Thanksgiving 2015, the first since my husband’s death, we climb the hill to offer him the last cider of the season. Our granddaughter pours the libation around the homemade grave, on creeping thyme, heather, and love-in-a-mist. Richard Coutant, a small-town lawyer, historian, photographer, traveler, builder of bicycles, loved the orchard and tended the trees until cancer overwhelmed him. This has been a banner year for apples: Pound Sweets and Baldwins hang on the trees in late November. Family and friends keep showing up to turn the press. We can’t stop crushing this tart, sweet fruit. Or boiling cider down to jelly so strong it stings.

Memorial Day 1968, four dozen years ago, I stood on this hill among peach trees in full bloom, gazing with my friends into the distance. The great northern forest was the closest neighbor. That suited us. Fresh from the riots in Washington, D.C., we envisioned a future on these acres, its open fields, woods, rickety house, barn, and outbuildings. At 23, I wanted to live my life as a poem right here, in a loving community.

          Sudden Eden
          For that pinkish haze across the orchard,
          ten thousand blossoms on a widow’s peak,
          we forsook the Revolution and bought the farm.

The widow Rosie Franklin held our mortgage. We were her Social Security for ten years: $26,000, hard earned. The locals, rumor had it, thought “the hippies got taken,” but we were as pleased with Rosie’s 1937 Home Comfort wood kitchen range as she was with her all-electric apartment in town. She told us that Forest, her husband, had collapsed in front of that very stove. Winters were hard: the two of them, alone in the drafty house, a few cows in their stanchions, no other families on the last-plowed, winding dirt road.

She said Forest was gifted; he could fix any engine, but he’d never wanted to farm. His last truck was parked in the garage we’d turn into a living room for eight or ten of us, with a stage for plays.

Rosie must have been about 70, as I am now, when she buried Forest and left. Though she missed her peaches and the pippins “at the end of the mowing,” she never considered staying on.

          On this rock which arches up
          like the backbone on some animal,
          the face of which we may never know,
          I vow to love you.

I’d married the land, and a band of friends, before my man. Richard Coutant was an urbane rustic: witty, erudite, old-fashioned. When we met in 1978, I had a five-year-old daughter, Oona. They loved each other. He showed us slides of East Bethel: the octagonal one-room school he’d attended, his father’s failing general store embedded in snow, his sister and him decked out for Easter in the crazy clothes his mother sewed. When he unpacked his books, the floorboards bowed.

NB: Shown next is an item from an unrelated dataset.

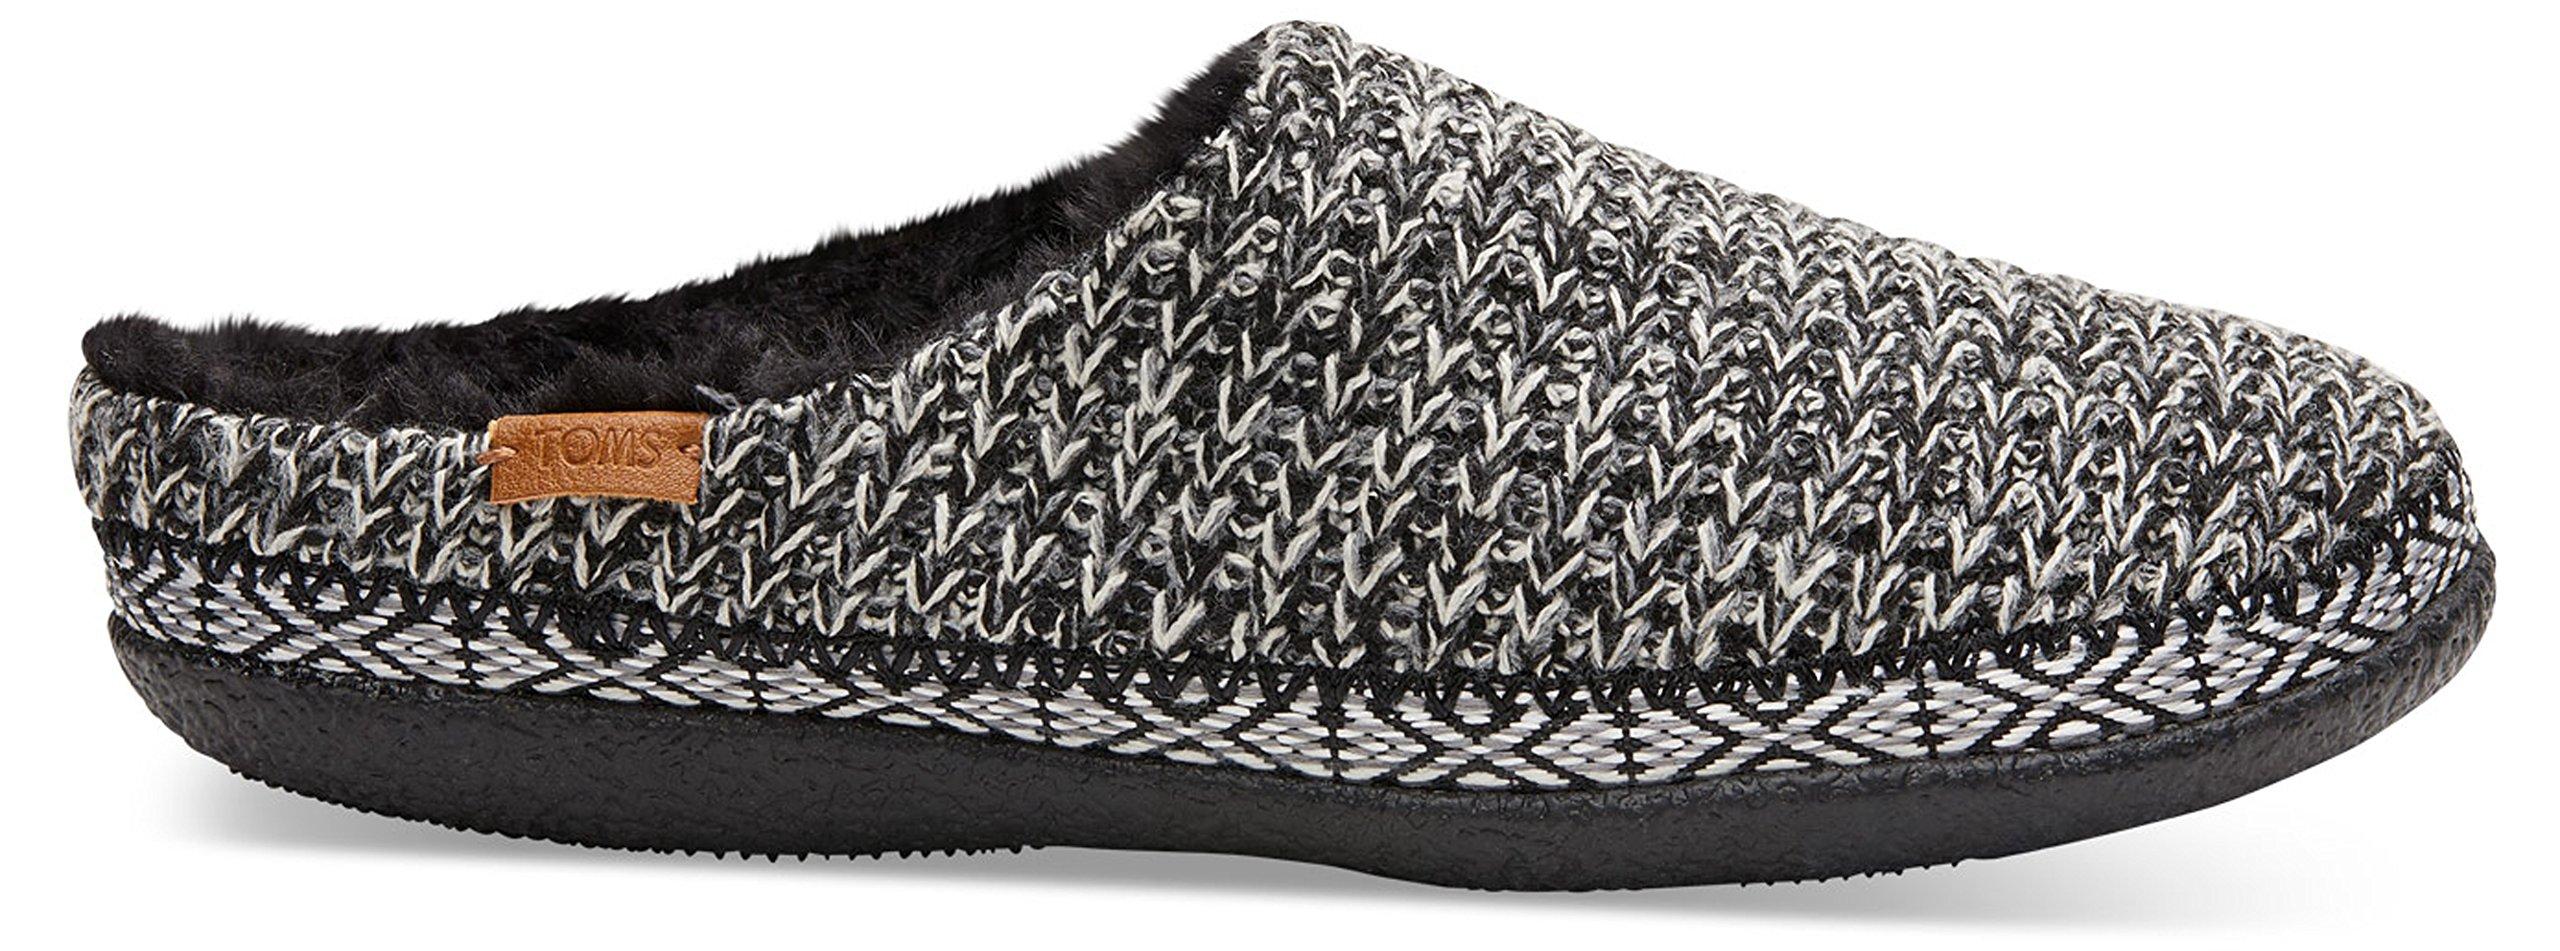 2efc2b78cf3 TOMS Women's Ivy Wool Slipper (11 B(M) US, Black and White Sweater Knit)

Richard missed the early days on the commune, but he fit right into Total Loss Farm, a haven for writers, artists, actors, and tillers of the soil. I remember him impersonating Ethan Allen, threatening to lay our rebellious Guilford “as low as Sodom and Gomorrah, by God.”

We married on bedrock in the front yard. A year-and-a-half later, on Richard’s birthday in 1981, after a jolting truck ride in mud season, I gave birth to another daughter, Emily. When his job as a “public-sector bureaucrat” running the Comprehensive Employment and Training Program ended, he happily stayed home with the baby while I plied my trade.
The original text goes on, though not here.